For thinking and creativity we need spaces with no distractions and no other people to interrupt our thoughts. We need somewhere to go for quiet and for space to ourselves. In this age of social connectivity, it’s even more important that we have somewhere we can really focus on the task at hand and become completely immersed in our subject matter.
There has to be a spectrum in design between the welcome, social spaces and the private spaces. I think we’ve assumed young people don’t want these spaces, but we need to celebrate that’s it’s okay to want them. It’s okay to be quiet and serious sometimes.
My challenge to us all, as designers and estates directors, is to bear this in mind when we’re designing higher education buildings and address the full spectrum between the open and closed, social and private, fun and serious.
Students today are under immense pressure to be seen to be succeeding and to succeed. They feel like they need to be part of a group, to fit in.
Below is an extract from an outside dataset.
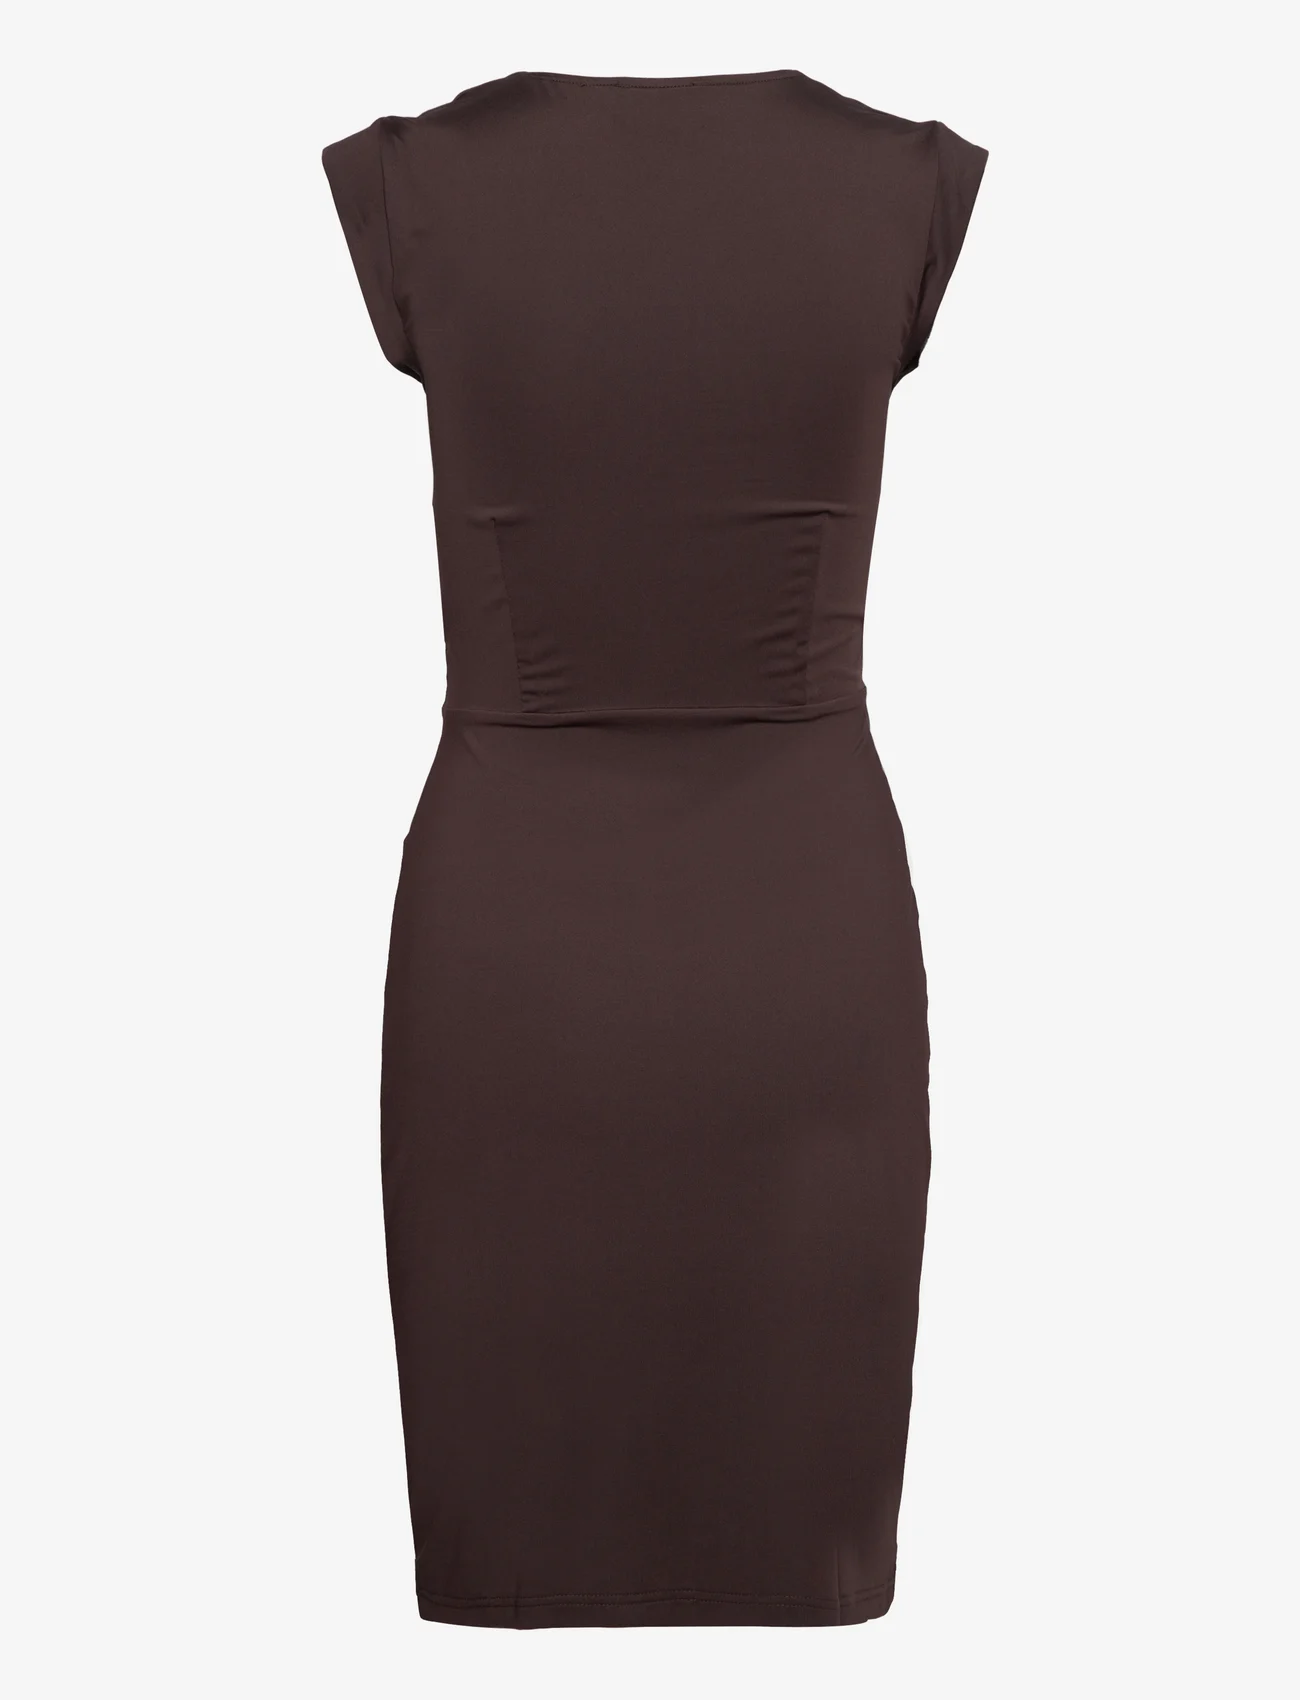 Rosemunde - Dress - odzież imprezowa w cenach outletowych - black brown - 1

But students also need to know it’s okay to be by yourself, and that reaching new heights of academic, individual study is an important, and celebrated, part of being at university.
We need to get the balance right between individual, supported, private study and social learning. We need to recognise that designing for wellbeing isn’t just about connected, light, airy spaces – sometimes it’s about creating cocoons for people seeking out spaces where they feel comfortable to study. Over the last decade it’s become increasingly ‘uncool’ to create these individual learning spaces, and we need to challenge that.
Despite being social animals, we all crave our own space sometimes, and that’s okay. Being alone doesn’t mean being lonely – it can mean having time to think, focus and discover new things about ourselves and the world.
This dichotomy is what makes university a unique, once in a lifetime experience. We need to ask ourselves: are we doing what’s fashionable or what’s right? And when it comes to students’ health and wellbeing we need to always do what’s right.